Las amistades presenciales, los puntos de encuentro parecen estaciones abandonadas desde donde la gente parte y, sin embargo, ahí están los miembros de una familia desayunando "juntos" en una cafetería, pero cada uno encarado a la pantalla de su teléfono o de su tableta. Ni las salas de cine donde la gente espera unos minutos para fugarse a la realidad de la película los mantiene ahí: las ventanitas luminosas de los celulares muestran que nadie está efectivamente en el cine esperando, sino que todos están en otro lado, idos; tan idos que muchos ni se percatan de que la película ya comenzó y siguen fastidiando con el resplandor de sus celulares.

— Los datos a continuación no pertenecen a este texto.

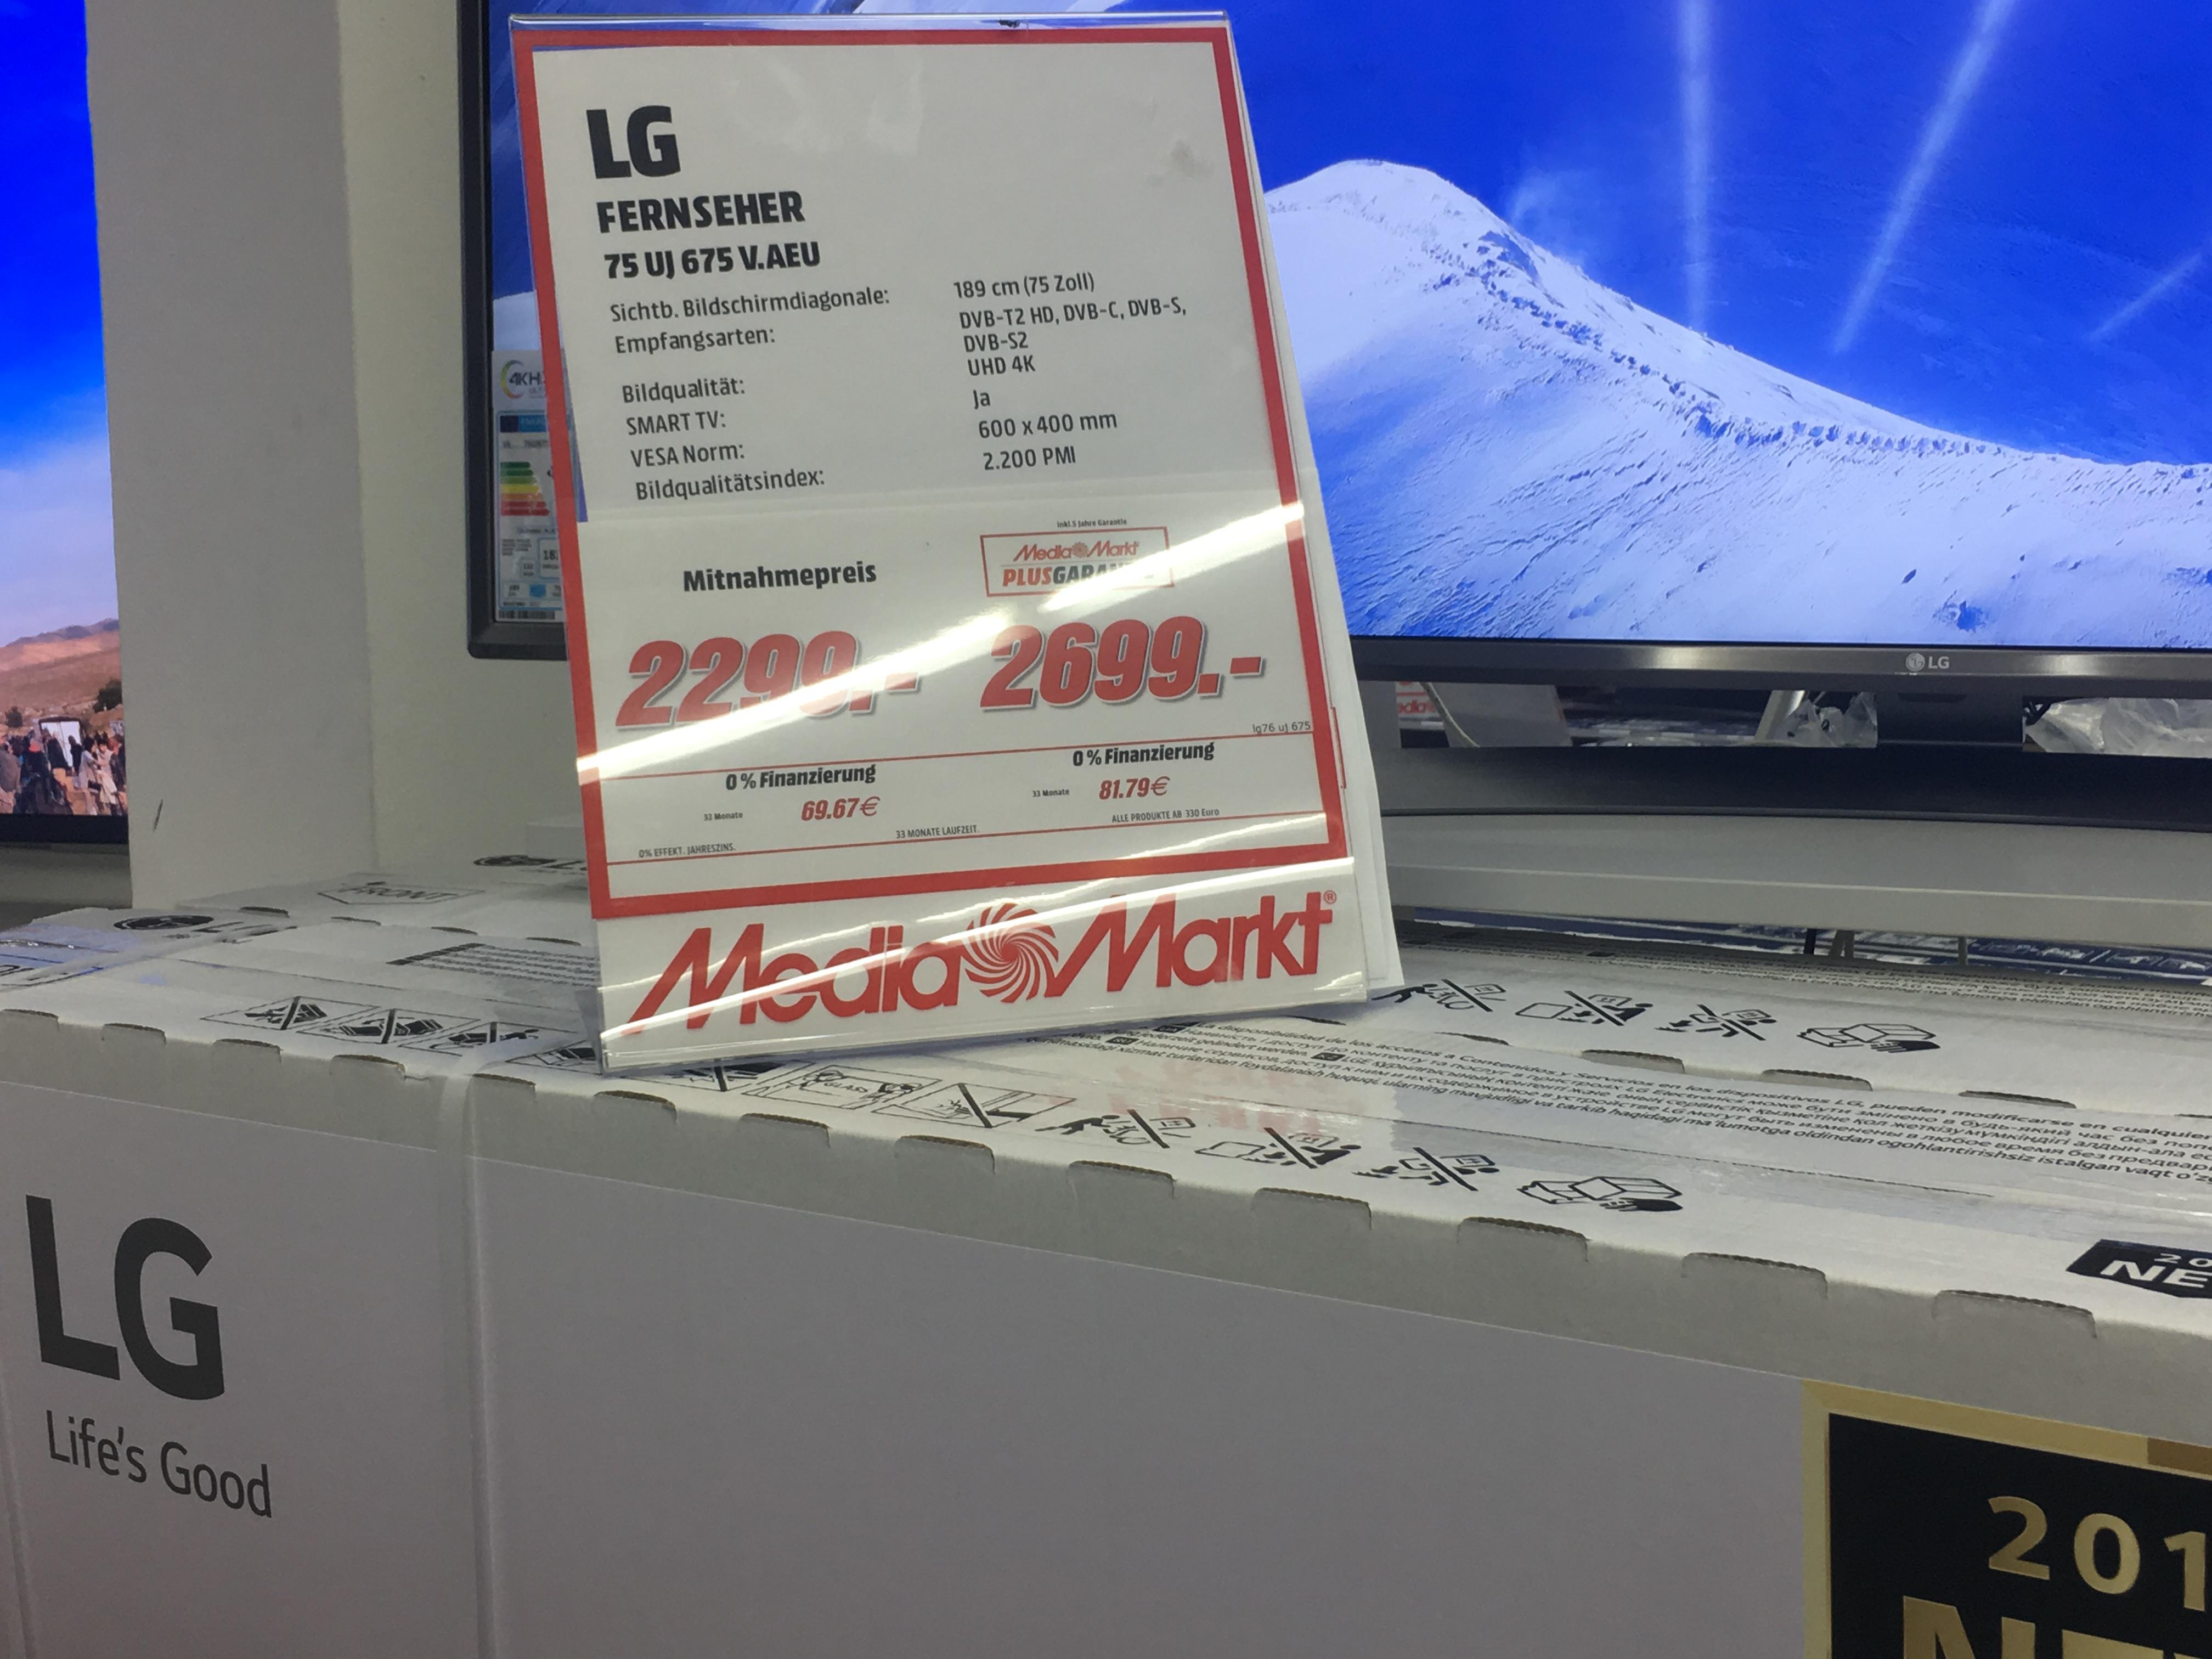 LG 75 UJ 675 V  198cm (75 Zoll) Fernseher (Ultra HD, Smart TV) LOKAL Media Markt Würzburg [Energieklasse A+]

Comienzan a desaparecer los almacenes y las aulas, pues hoy se compra en línea y, si se quiere estudiar, la opción es suscribirse a un chat. La realidad contante y sonante se está abandonando, y la gente se muda, o se ha mudado ya, a la realidad de los pixeles. Todos los días las personas despiertan, salen de su sueño, pero para ingresar al sueño de la realidad virtual.
Hoy más que nunca es exacta la idea de que vivimos en una representación, en una posrealidad rodeados de postamigos y en medio de centenares de posverdades.
Voy a extrañar las calles populosas; ya las extraño, pues, aunque siguen hacinadas de gente, parece que sólo yo piso el suelo que voy viendo y cruzó de una acera a la otra fijándome, mientras que mis "compañeros" de manada caminan de manera automática celebrando su vida en otra parte. Tengo la extraña sensación de estar viviendo en un mundo de fantasmas y resuena en mi oído la frase que me decía mi madre: "Pareces ido".